▶ _WHAT YOU SHOULD DO_
Take the material below and extract the lines from the one with "Bella bella!" through the one with "Charlie_Strong_at_LBJ_Library_in_2014.jpg", word for word, without pictures.

▶ _LISTED RECORDS_
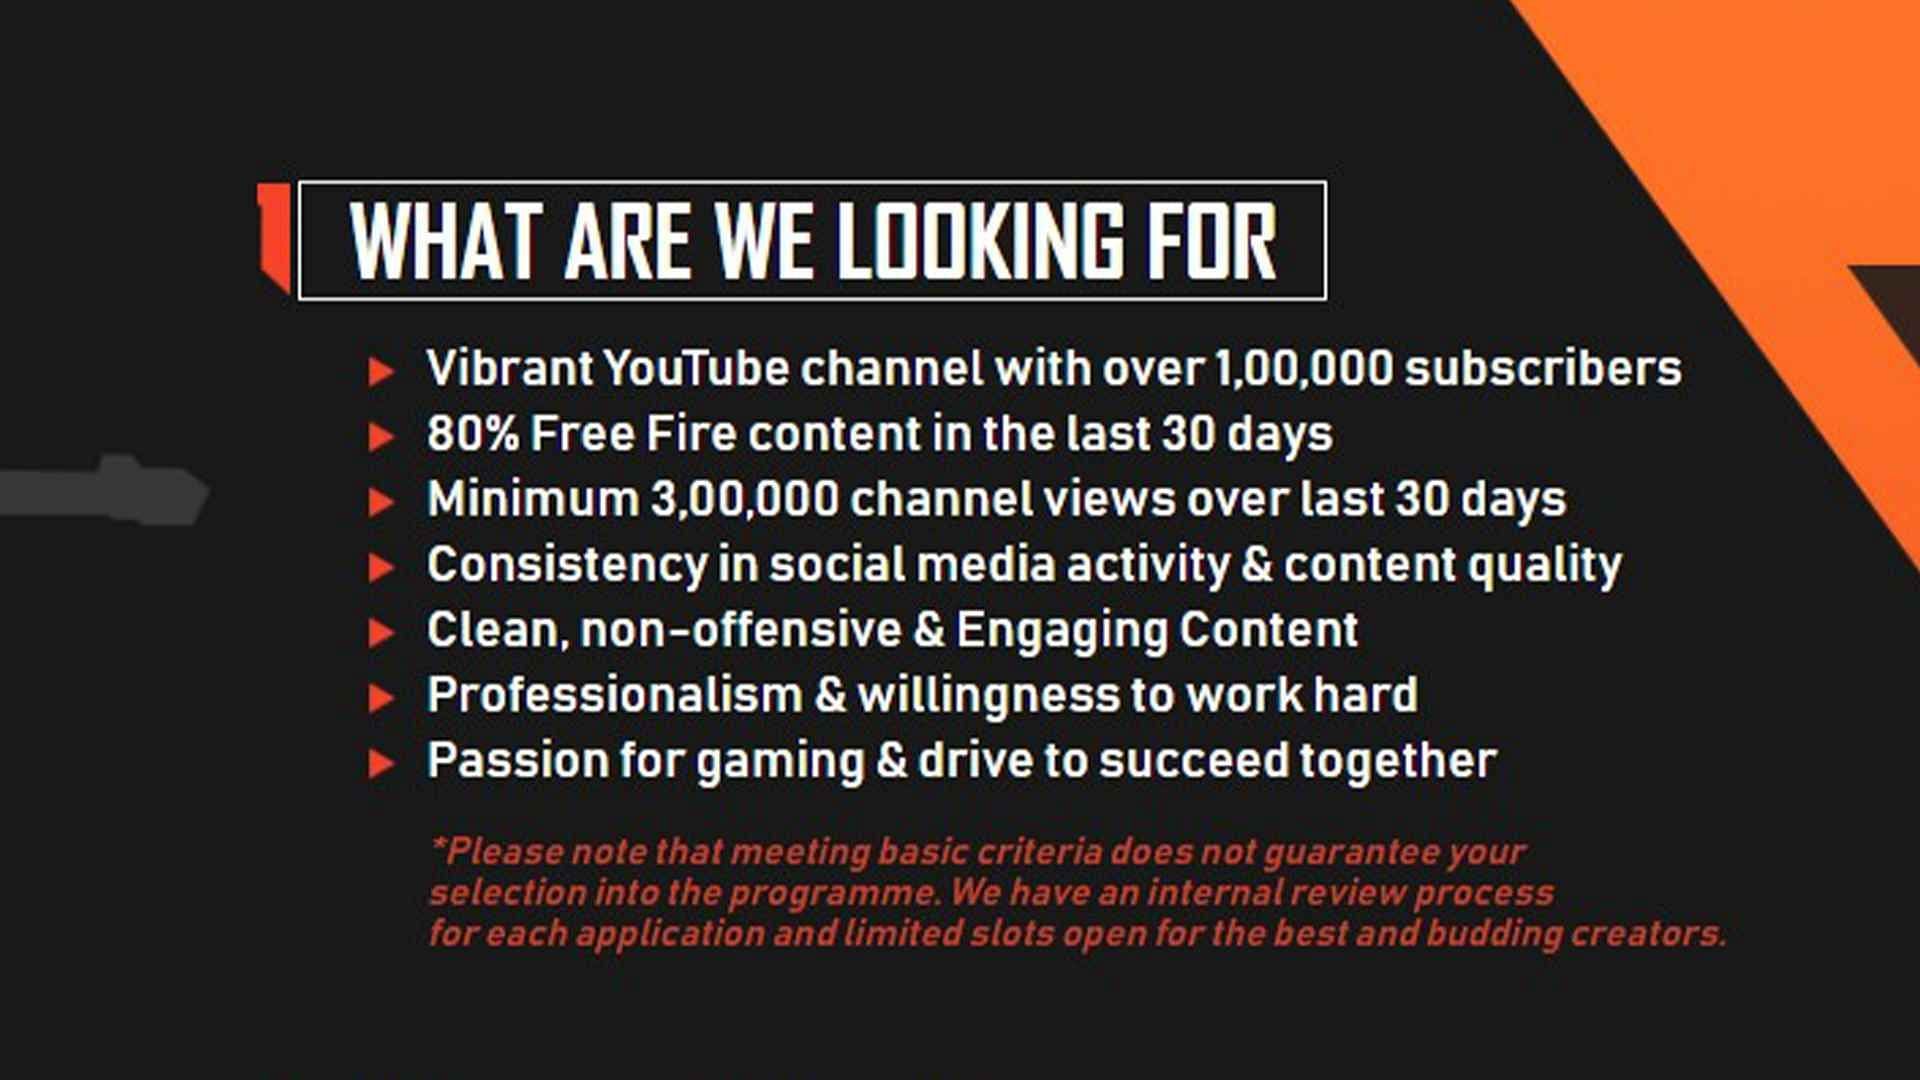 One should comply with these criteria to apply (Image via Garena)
==
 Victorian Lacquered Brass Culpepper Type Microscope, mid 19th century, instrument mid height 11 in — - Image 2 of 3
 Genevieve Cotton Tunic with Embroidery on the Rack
...
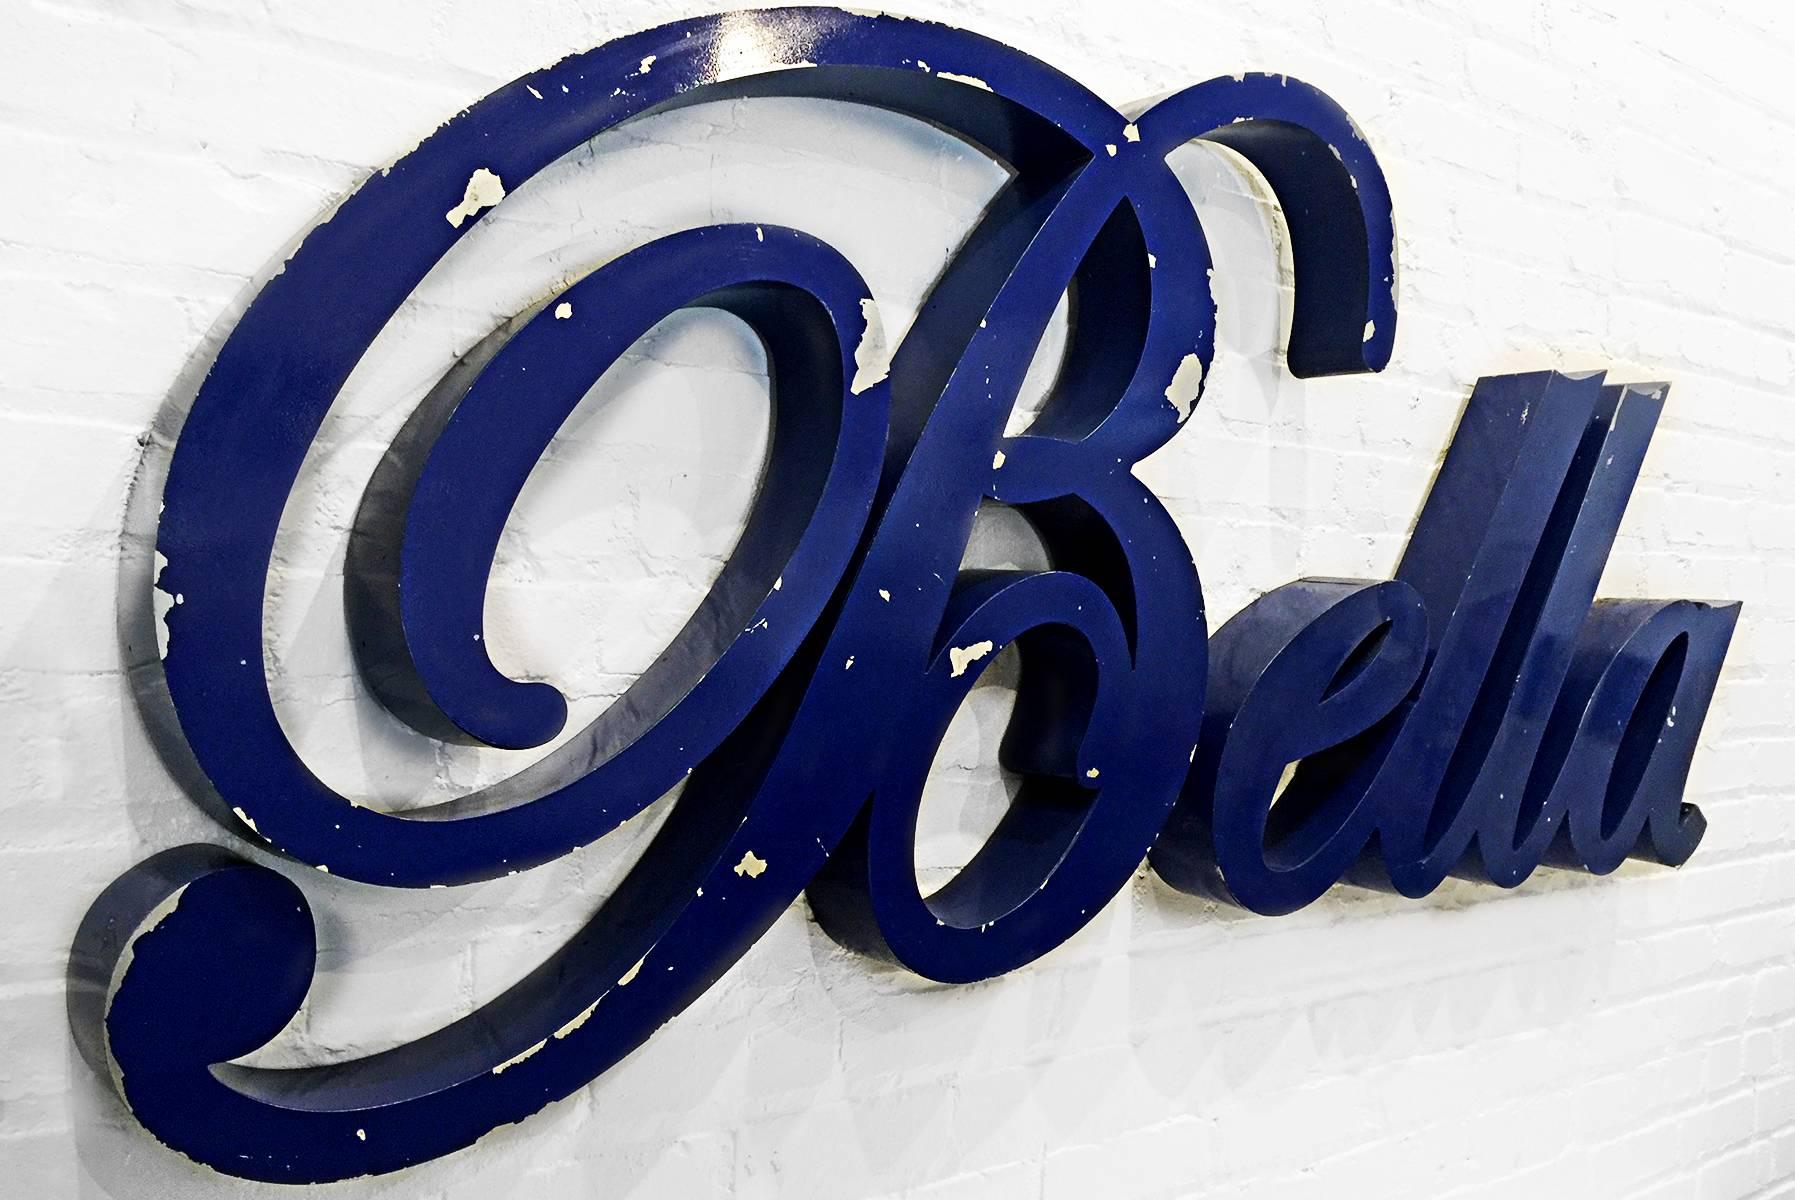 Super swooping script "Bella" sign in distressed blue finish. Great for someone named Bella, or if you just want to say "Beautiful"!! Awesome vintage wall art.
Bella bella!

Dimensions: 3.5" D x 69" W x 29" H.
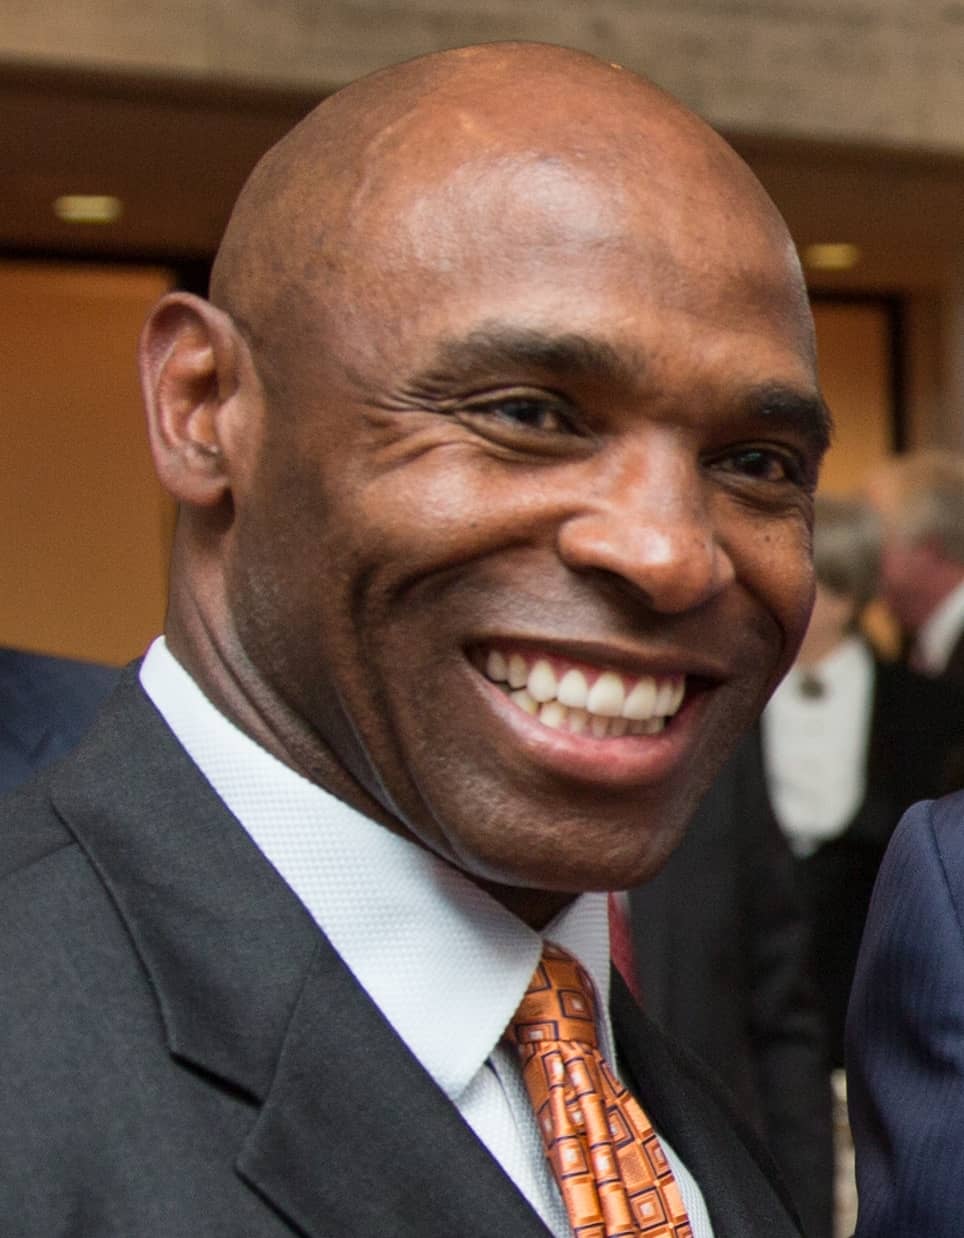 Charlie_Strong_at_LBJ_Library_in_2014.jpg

▶ _ANSWER TO THIS TASK_
Bella bella!

Dimensions: 3.5" D x 69" W x 29" H.
 Charlie_Strong_at_LBJ_Library_in_2014.jpg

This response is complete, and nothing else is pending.